● **Information provided**
[Start of section]
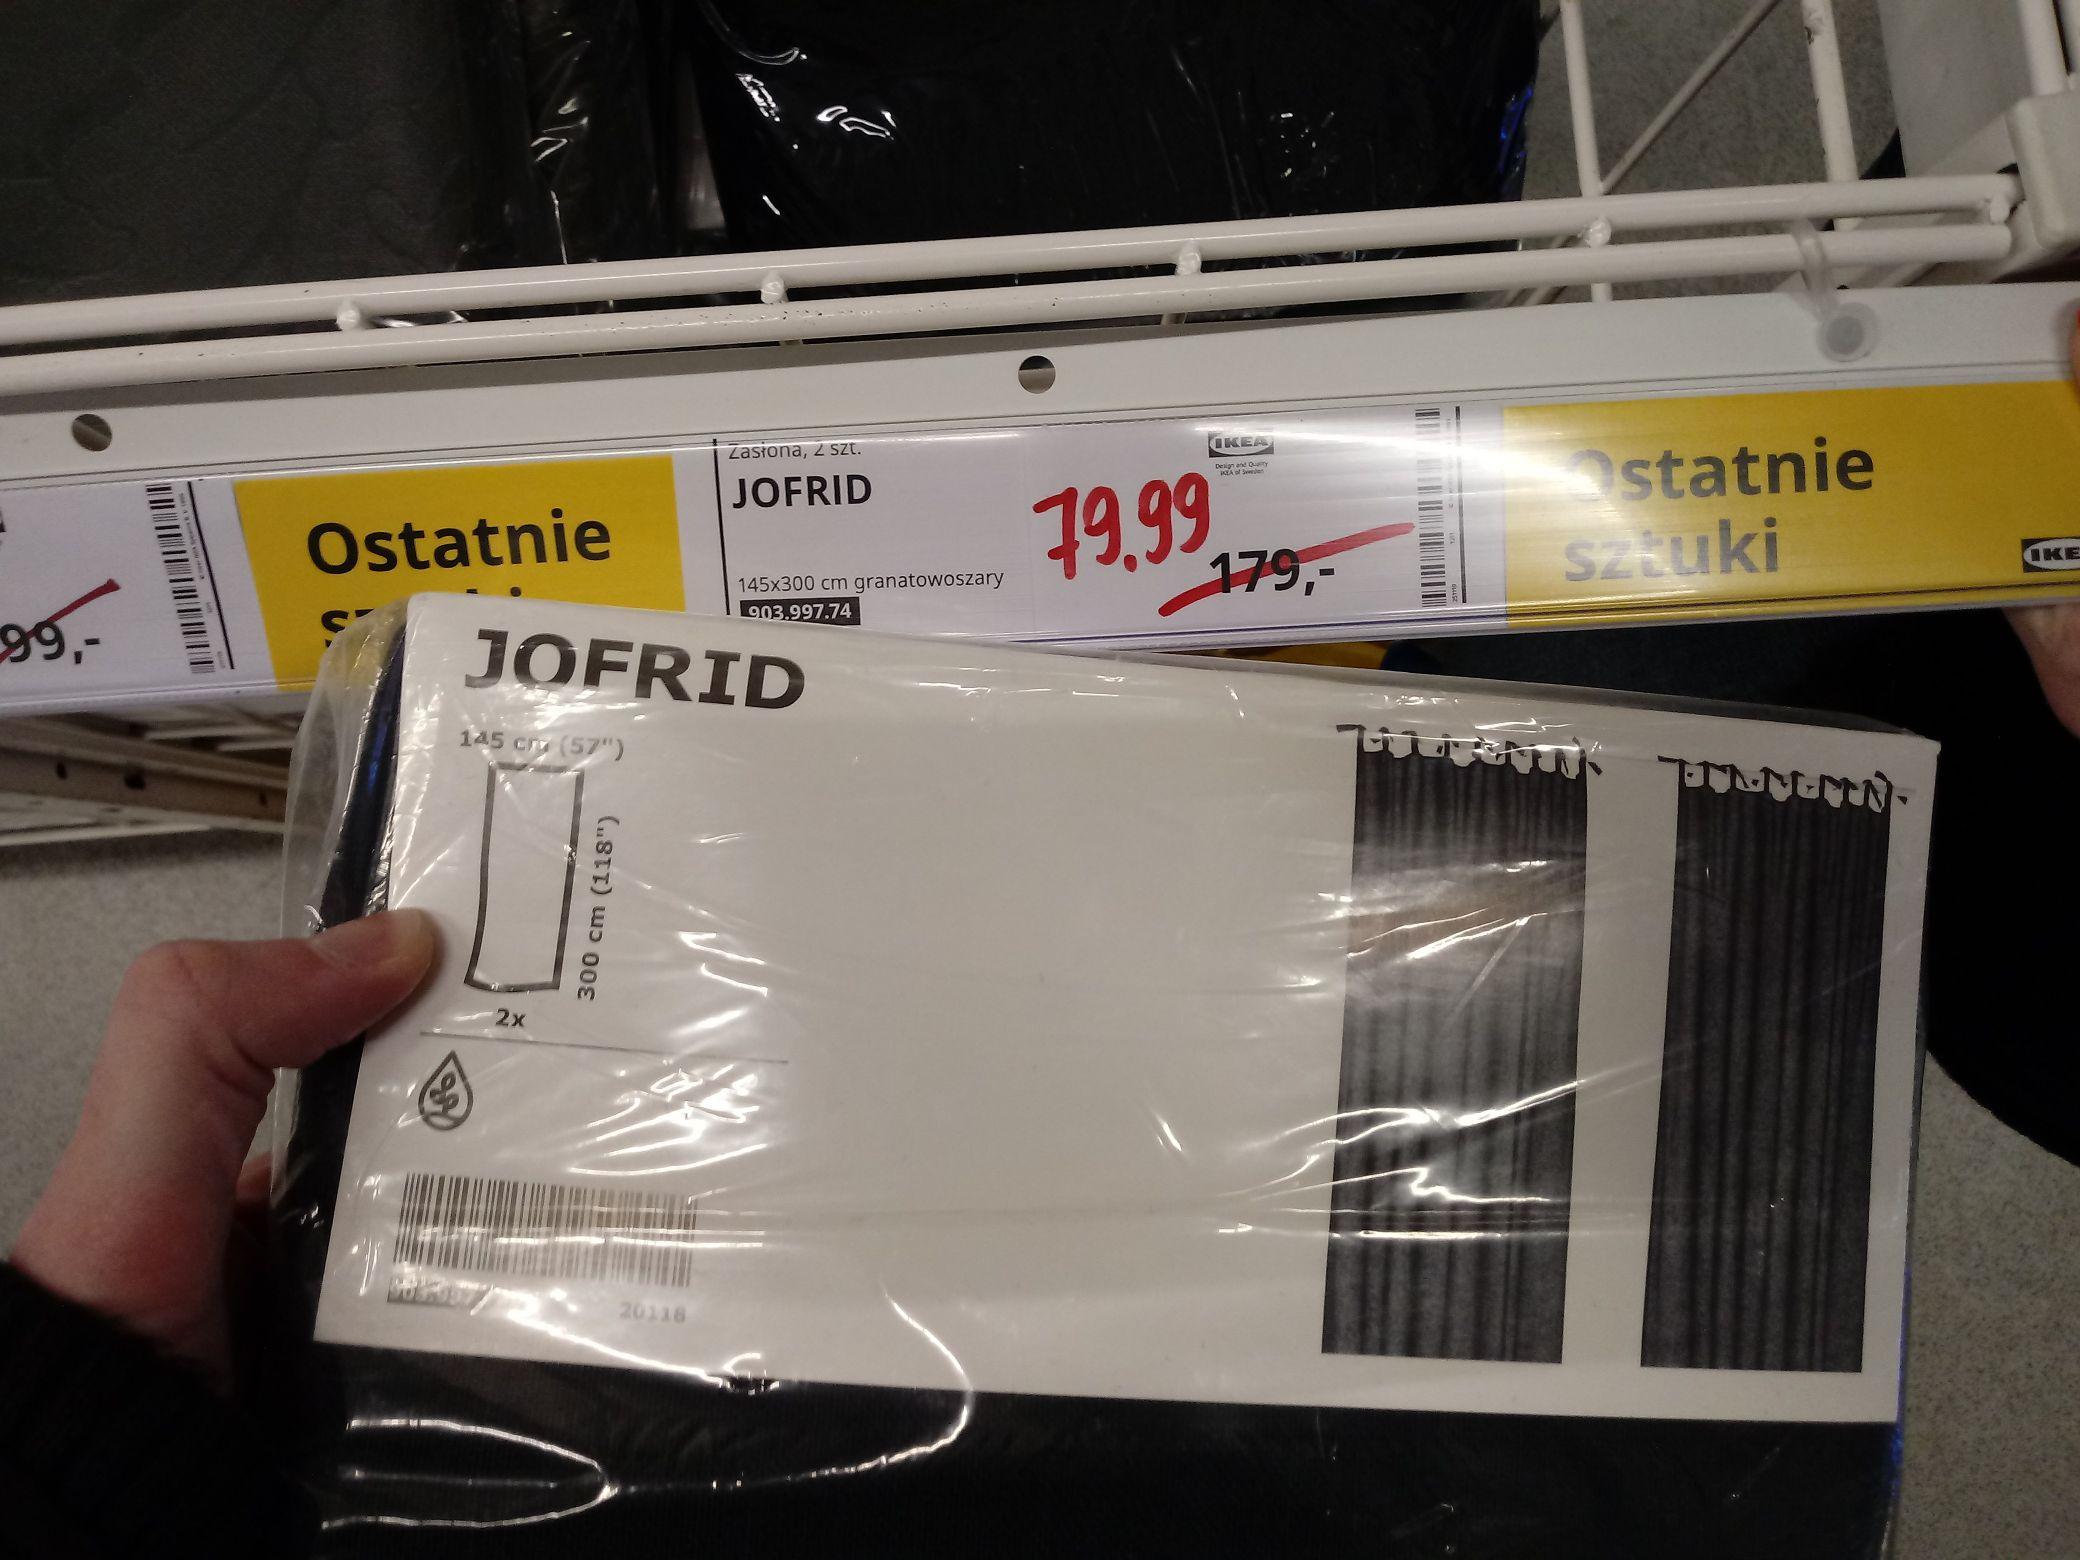 IKEA zasłony JOFRID
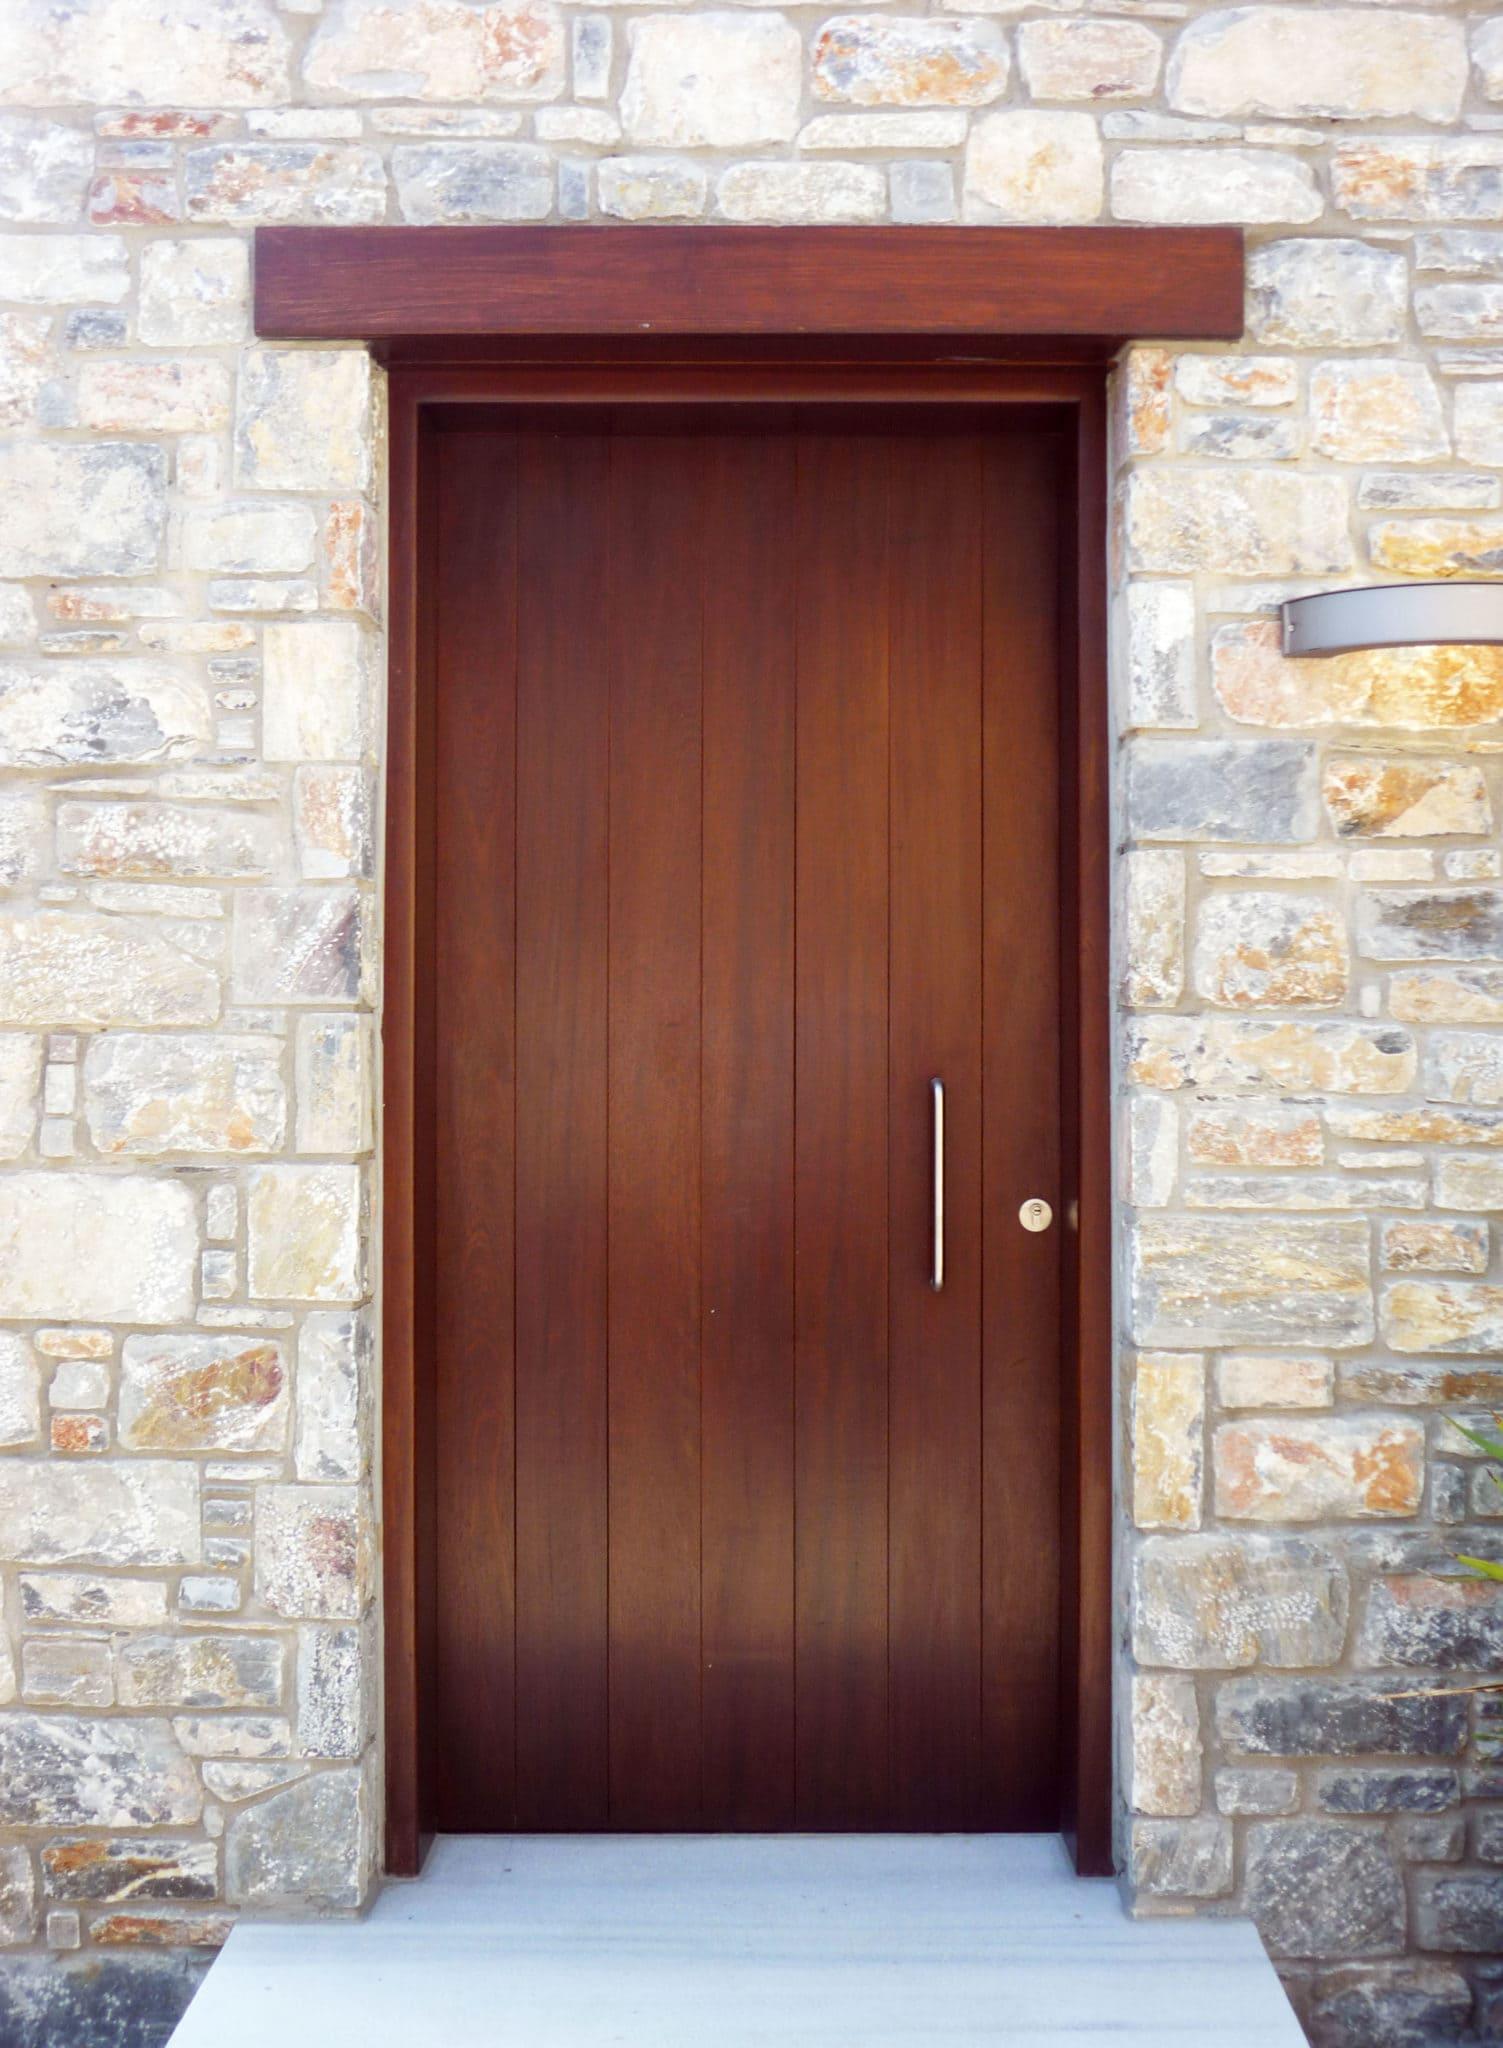 μονόφυλλη ξύλινη πόρτα ραμποτέ
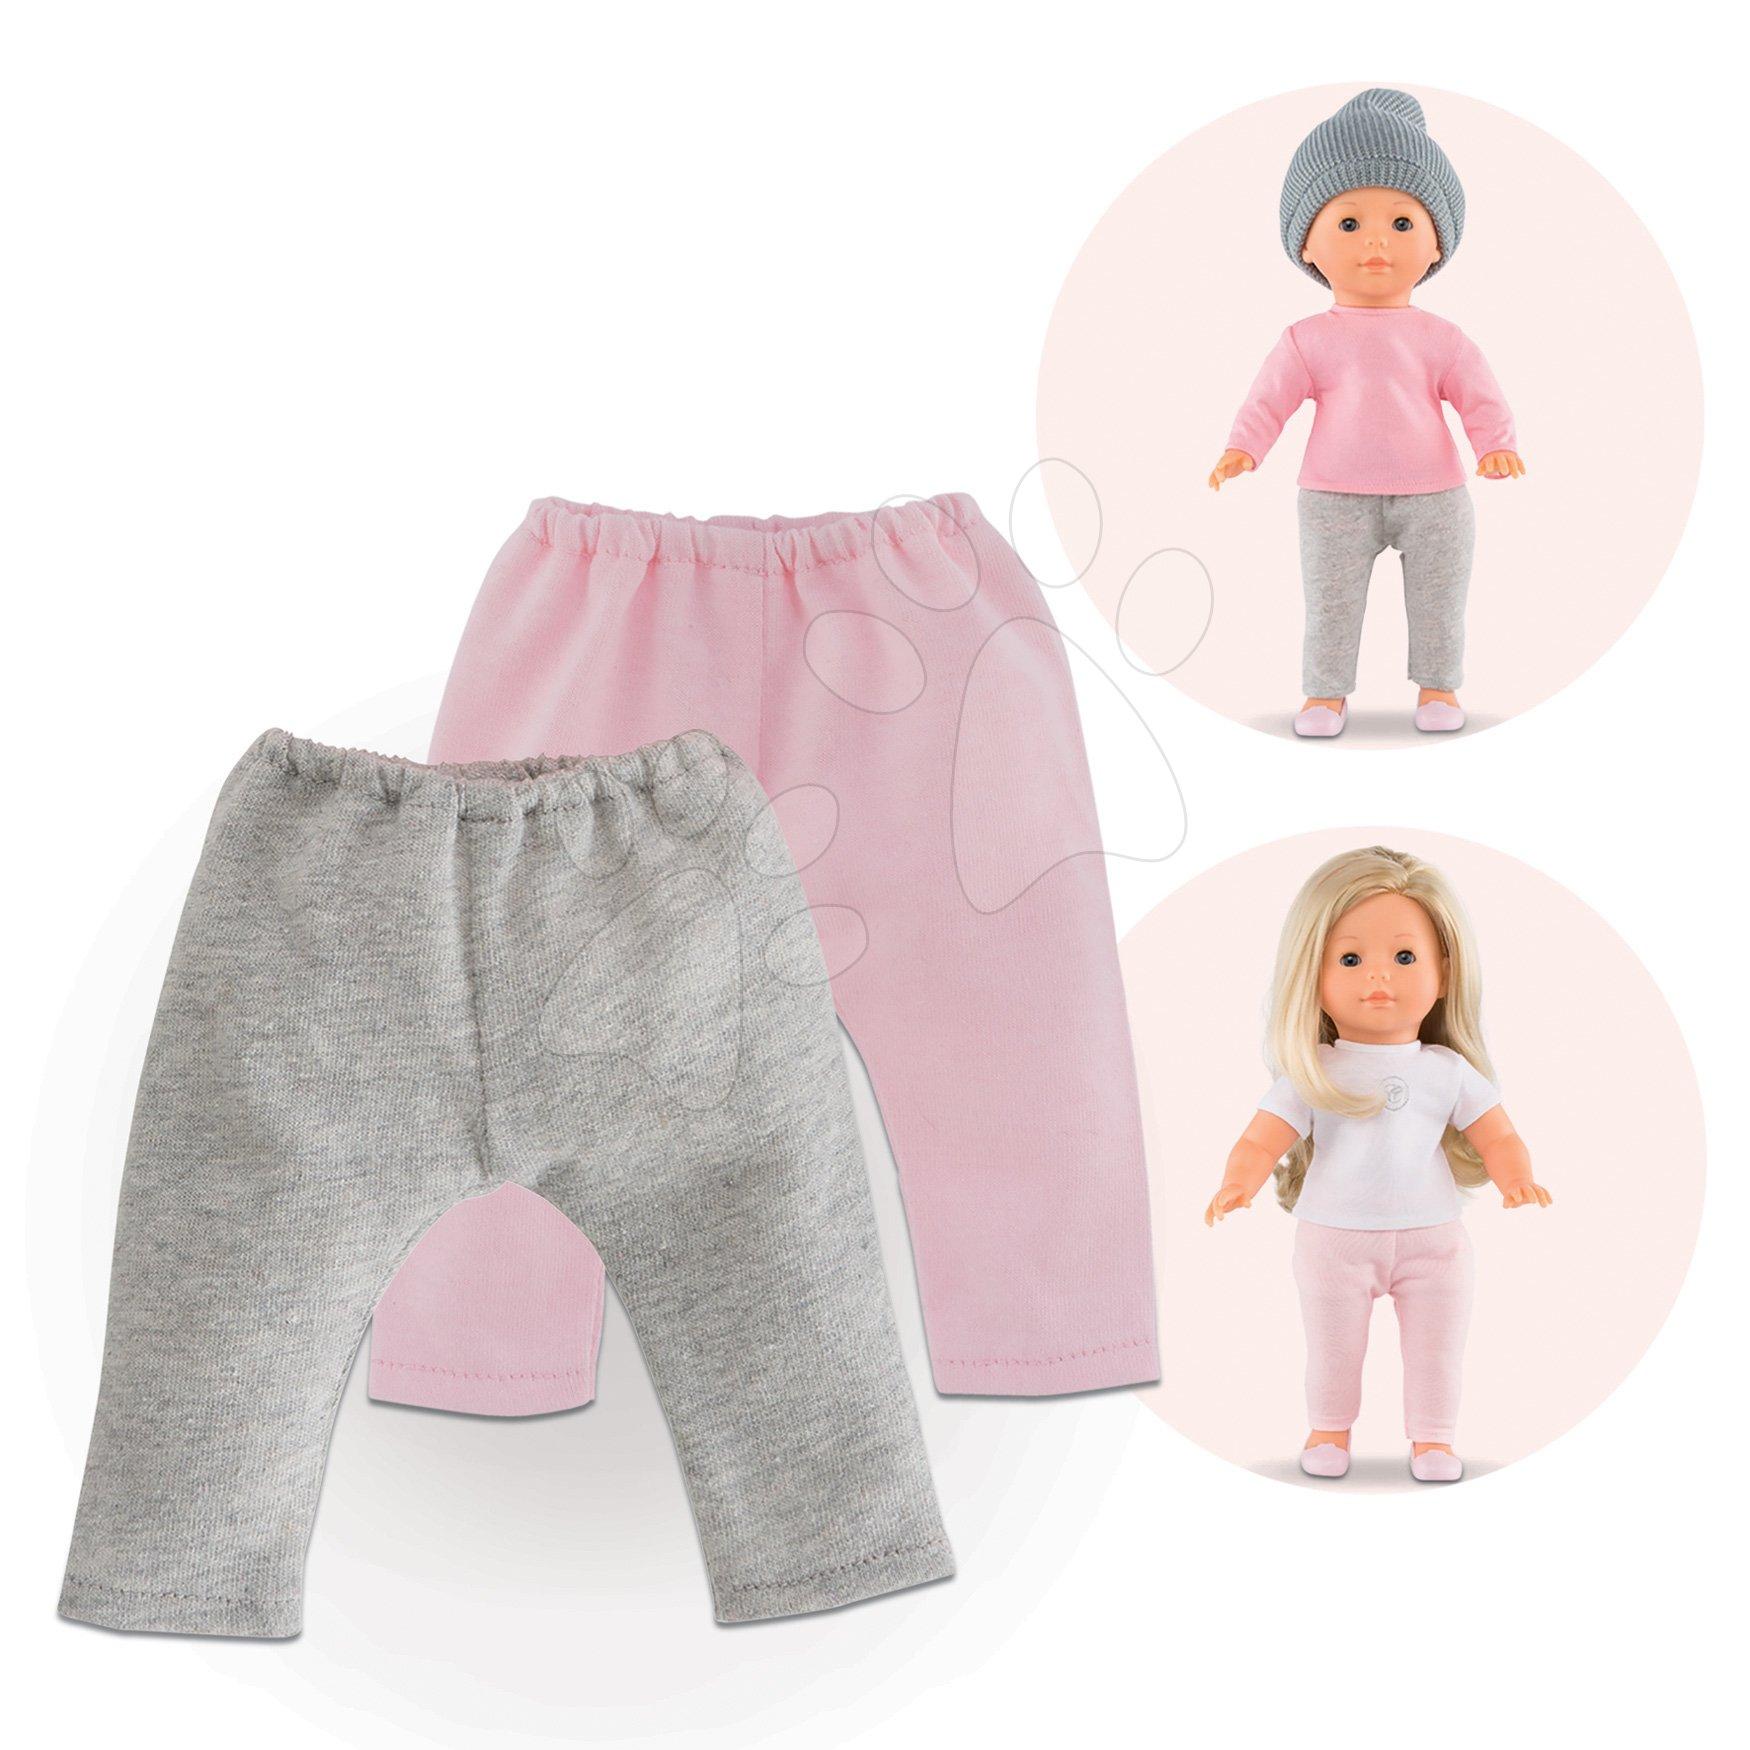 Oblečení 2 Leggings Ma Corolle pro 36 cm panenku od 4 let
[End of section]
● **To do**
When an image appears in the data, skip it and output the rest exactly.

● **Output below**
 IKEA zasłony JOFRID
 μονόφυλλη ξύλινη πόρτα ραμποτέ
 Oblečení 2 Leggings Ma Corolle pro 36 cm panenku od 4 let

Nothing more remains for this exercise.